Illinois need not dispense with its preferred mechanism for protecting its citizenry by virtue merely of a foreign judgment that envisioned less restrictive requirements' being imposed on the relevant sex offender. Illinois, as a state of the Union, has police power over the health and welfare of its citizens. See Barbier v. Connolly, 113 U.S. 27, 31, 5 S.Ct. 357, 28 L.Ed. 923 (1885) (observing that a state's police power permits it to enact laws promoting "the health, peace, morals, education, and good order of the people"); United States v. Salerno, 481 U.S. 739, 747, 107 S.Ct. 2095, 95 L.Ed.2d 697 (1987) ("There is no doubt that preventing danger to the community is a legitimate regulatory goal."). The Supreme Court has regularly upheld states' exercise of their police powers to protect their citizens against sexual predators. See, e.g., Smith v. Doe, 538 U.S. 84, 123 S.Ct. 1140, 155 L.Ed.2d 164 (2003); Kansas v. Hendricks, 521 U.S. 346, 117 S.Ct. 2072, 138 L.Ed.2d 501 (1997). As in Baker, the New York court in the present case "cannot command obedience elsewhere on a matter the [New York] court lacks authority to resolve." Baker, 522 U.S. at 240, 118 S.Ct. 657. New York has no authority to dictate to Illinois the manner in which it can best protect its citizenry from those convicted of sex offenses.

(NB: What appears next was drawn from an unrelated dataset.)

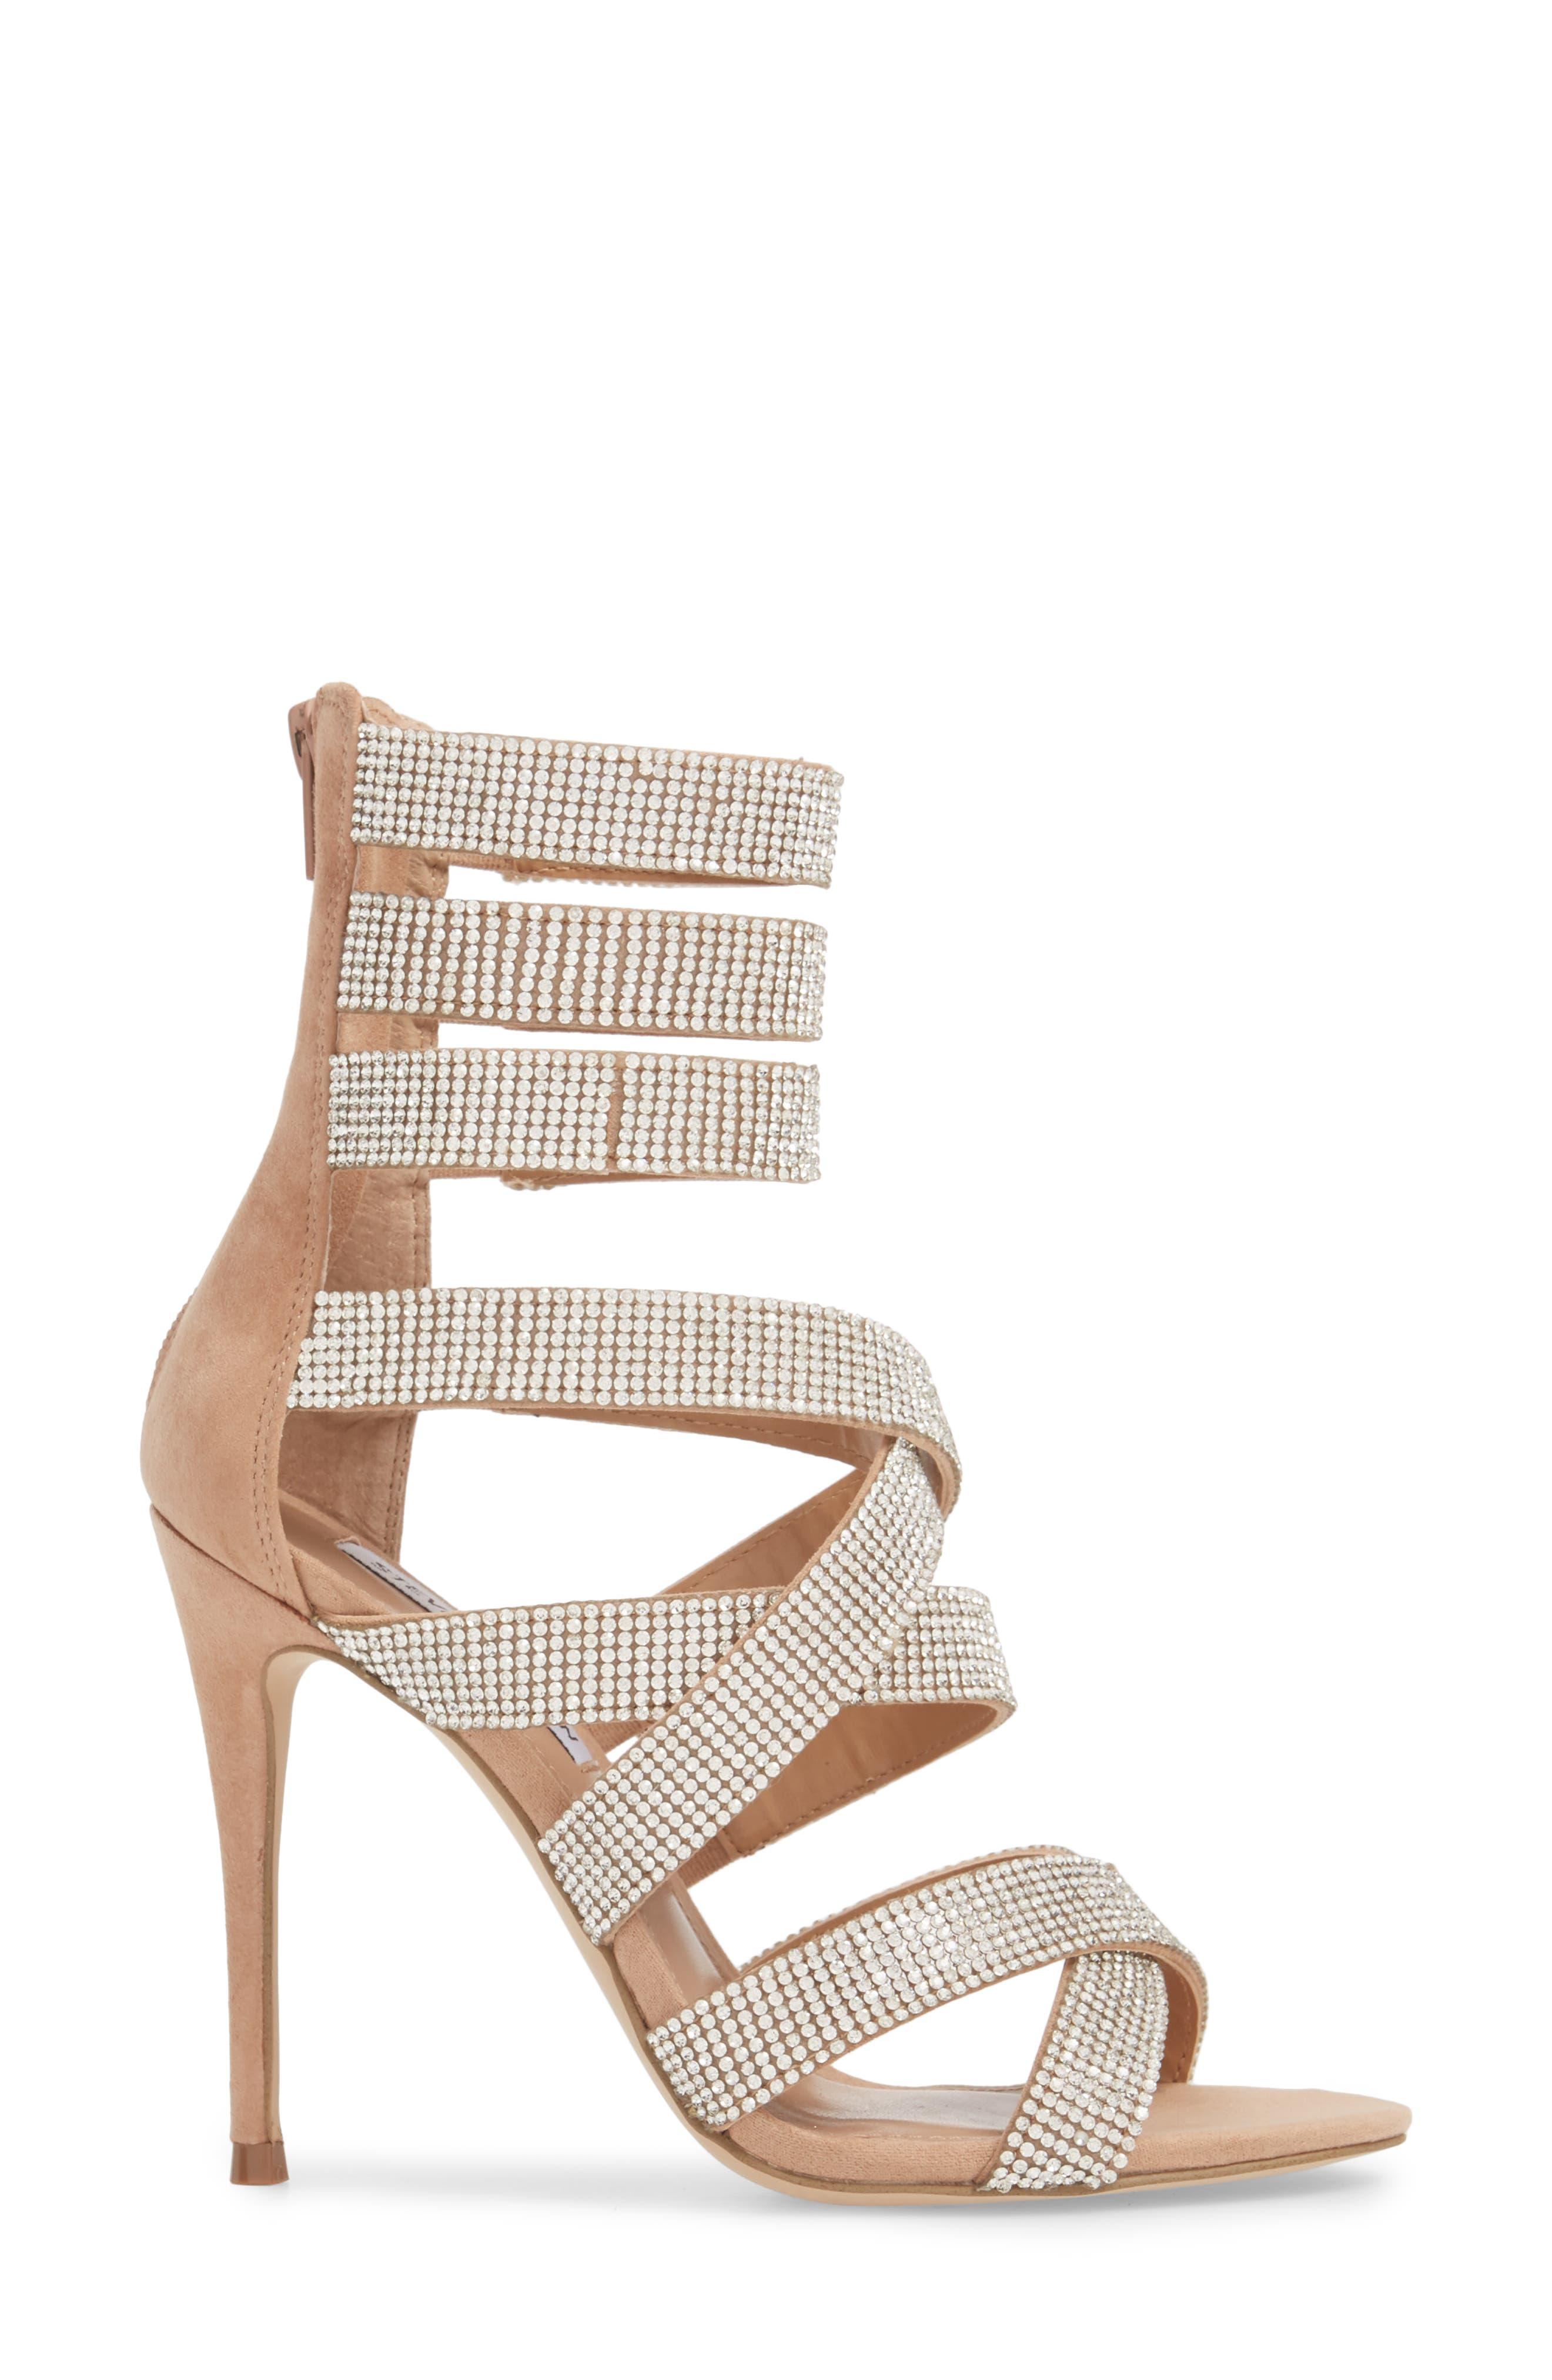 Malika Crystal Embellished Sandal,                             Alternate thumbnail 6, color,                             Rhinestone
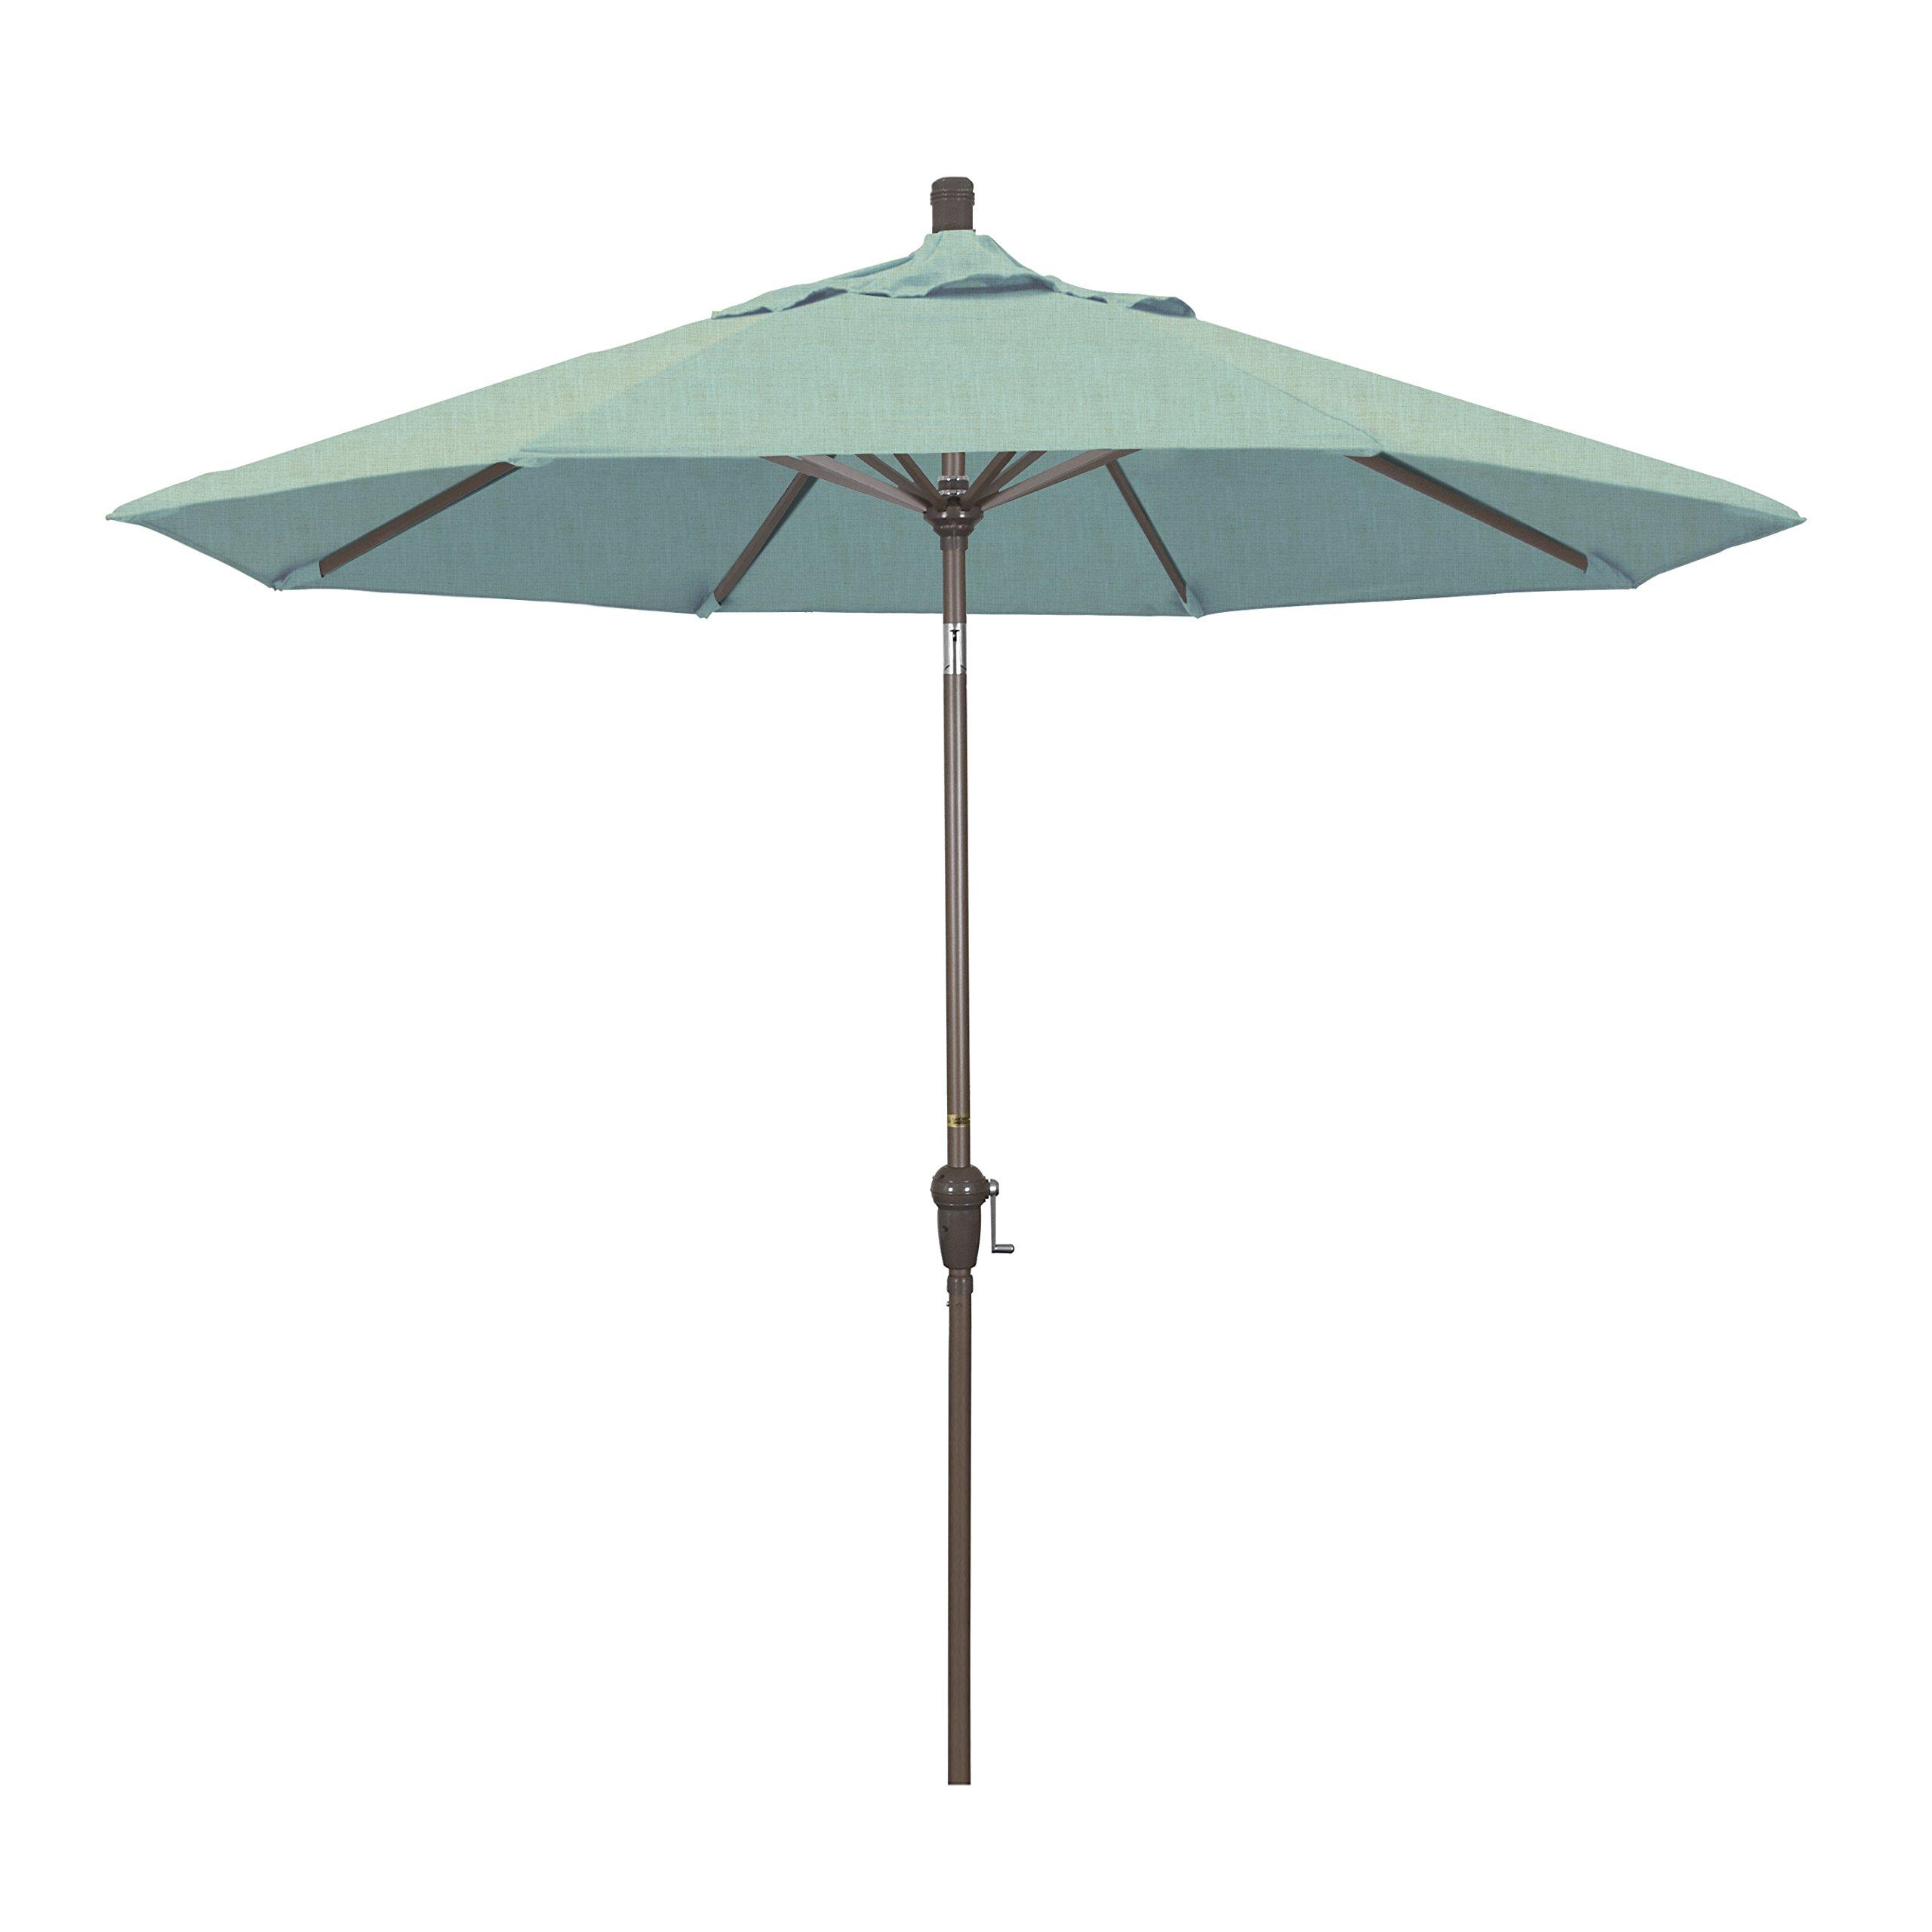 California Umbrella 9' Round Aluminum Market Umbrella, Crank Lift, Auto Tilt, Champagne Pole, Sunbrella Spa

Nor is this a case in which a state's police power conflicts with the U.S. Constitution or an Act of Congress, for this would require state law to give way by virtue of the Supremacy Clause. See, e.g., Morris v. Jones, 329 U.S. 545, 552-53, 67 S.Ct. 451, 91 L.Ed. 488 (1947). The Full Faith and Credit Clause was enacted to preclude the same matters' being relitigated in different states as recalcitrant parties evade unfavorable judgments by moving elsewhere. It was never intended to allow one state to dictate the manner in which another state protects its populace. This being the case, there is no tension between Illinois's police power and the Full Faith and Credit Clause here. As a result, New York could promise Rosin only that he would never have to register as a sex offender within its own jurisdiction. Rosin could not bargain for a promise from New York as to what other states would do based on his guilty plea to sexual abuse in the third degree, for New York had no power to make such a promise.